◆ **What is required**: Please copy, exactly as they appear below, the lines from the one containing "Femme portant une" through the one containing "Peruka naturalne włosy".

◆ **Listed records**:
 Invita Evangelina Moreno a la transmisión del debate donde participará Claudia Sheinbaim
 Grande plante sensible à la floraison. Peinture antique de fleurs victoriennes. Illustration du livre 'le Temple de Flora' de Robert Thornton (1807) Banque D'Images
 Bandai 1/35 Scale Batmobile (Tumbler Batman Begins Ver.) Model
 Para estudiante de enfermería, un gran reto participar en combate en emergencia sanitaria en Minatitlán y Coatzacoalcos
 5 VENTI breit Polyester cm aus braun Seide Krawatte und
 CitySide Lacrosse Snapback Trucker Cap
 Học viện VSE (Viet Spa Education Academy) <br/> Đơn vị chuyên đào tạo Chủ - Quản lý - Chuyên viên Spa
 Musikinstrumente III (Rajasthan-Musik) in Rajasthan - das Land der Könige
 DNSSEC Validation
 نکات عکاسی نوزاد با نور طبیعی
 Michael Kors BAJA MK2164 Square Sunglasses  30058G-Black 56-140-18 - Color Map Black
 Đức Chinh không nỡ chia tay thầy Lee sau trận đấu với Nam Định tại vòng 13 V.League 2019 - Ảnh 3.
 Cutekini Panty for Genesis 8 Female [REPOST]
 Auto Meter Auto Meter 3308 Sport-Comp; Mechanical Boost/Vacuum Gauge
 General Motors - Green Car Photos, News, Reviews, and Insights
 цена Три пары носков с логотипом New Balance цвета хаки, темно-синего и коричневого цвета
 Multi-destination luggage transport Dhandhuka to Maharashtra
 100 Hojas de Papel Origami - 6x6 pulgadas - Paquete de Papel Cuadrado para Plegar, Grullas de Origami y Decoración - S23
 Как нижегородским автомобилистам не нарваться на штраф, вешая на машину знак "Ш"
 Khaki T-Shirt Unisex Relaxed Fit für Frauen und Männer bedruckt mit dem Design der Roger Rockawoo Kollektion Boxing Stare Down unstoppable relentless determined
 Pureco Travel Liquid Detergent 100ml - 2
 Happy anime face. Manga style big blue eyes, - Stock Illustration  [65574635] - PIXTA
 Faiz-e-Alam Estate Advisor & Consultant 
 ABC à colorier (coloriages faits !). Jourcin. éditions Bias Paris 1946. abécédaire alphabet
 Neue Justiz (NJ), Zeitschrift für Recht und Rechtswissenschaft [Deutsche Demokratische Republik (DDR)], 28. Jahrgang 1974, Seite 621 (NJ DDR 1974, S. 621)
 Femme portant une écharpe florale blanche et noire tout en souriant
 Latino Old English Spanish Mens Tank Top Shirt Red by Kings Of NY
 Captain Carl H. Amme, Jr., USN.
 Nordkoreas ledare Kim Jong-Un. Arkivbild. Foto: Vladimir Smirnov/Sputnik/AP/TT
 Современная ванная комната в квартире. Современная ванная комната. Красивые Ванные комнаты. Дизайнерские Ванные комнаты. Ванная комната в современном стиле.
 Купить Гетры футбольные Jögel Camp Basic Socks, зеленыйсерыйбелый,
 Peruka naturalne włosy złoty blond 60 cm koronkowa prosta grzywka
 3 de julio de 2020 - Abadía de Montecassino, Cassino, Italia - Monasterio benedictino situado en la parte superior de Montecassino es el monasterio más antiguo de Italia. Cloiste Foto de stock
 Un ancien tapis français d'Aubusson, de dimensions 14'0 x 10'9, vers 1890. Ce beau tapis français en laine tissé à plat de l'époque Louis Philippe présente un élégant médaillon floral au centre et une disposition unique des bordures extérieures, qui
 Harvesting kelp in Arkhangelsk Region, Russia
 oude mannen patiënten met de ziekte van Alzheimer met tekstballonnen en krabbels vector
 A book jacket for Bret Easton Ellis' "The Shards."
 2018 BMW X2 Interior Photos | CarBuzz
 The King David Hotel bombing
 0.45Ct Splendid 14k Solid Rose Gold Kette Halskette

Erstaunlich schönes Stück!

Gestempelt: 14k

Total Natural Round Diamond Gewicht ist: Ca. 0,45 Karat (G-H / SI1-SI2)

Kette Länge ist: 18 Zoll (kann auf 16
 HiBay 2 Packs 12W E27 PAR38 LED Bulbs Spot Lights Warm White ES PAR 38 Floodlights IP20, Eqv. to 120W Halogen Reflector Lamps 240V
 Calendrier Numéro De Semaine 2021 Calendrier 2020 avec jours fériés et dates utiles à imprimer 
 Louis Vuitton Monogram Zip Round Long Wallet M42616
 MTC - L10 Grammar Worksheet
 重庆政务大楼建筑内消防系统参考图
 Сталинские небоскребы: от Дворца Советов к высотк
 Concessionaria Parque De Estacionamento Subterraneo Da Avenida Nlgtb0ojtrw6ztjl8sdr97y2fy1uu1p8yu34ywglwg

◆ **Solution to this problem**:
 Femme portant une écharpe florale blanche et noire tout en souriant
 Latino Old English Spanish Mens Tank Top Shirt Red by Kings Of NY
 Captain Carl H. Amme, Jr., USN.
 Nordkoreas ledare Kim Jong-Un. Arkivbild. Foto: Vladimir Smirnov/Sputnik/AP/TT
 Современная ванная комната в квартире. Современная ванная комната. Красивые Ванные комнаты. Дизайнерские Ванные комнаты. Ванная комната в современном стиле.
 Купить Гетры футбольные Jögel Camp Basic Socks, зеленыйсерыйбелый,
 Peruka naturalne włosy złoty blond 60 cm koronkowa prosta grzywka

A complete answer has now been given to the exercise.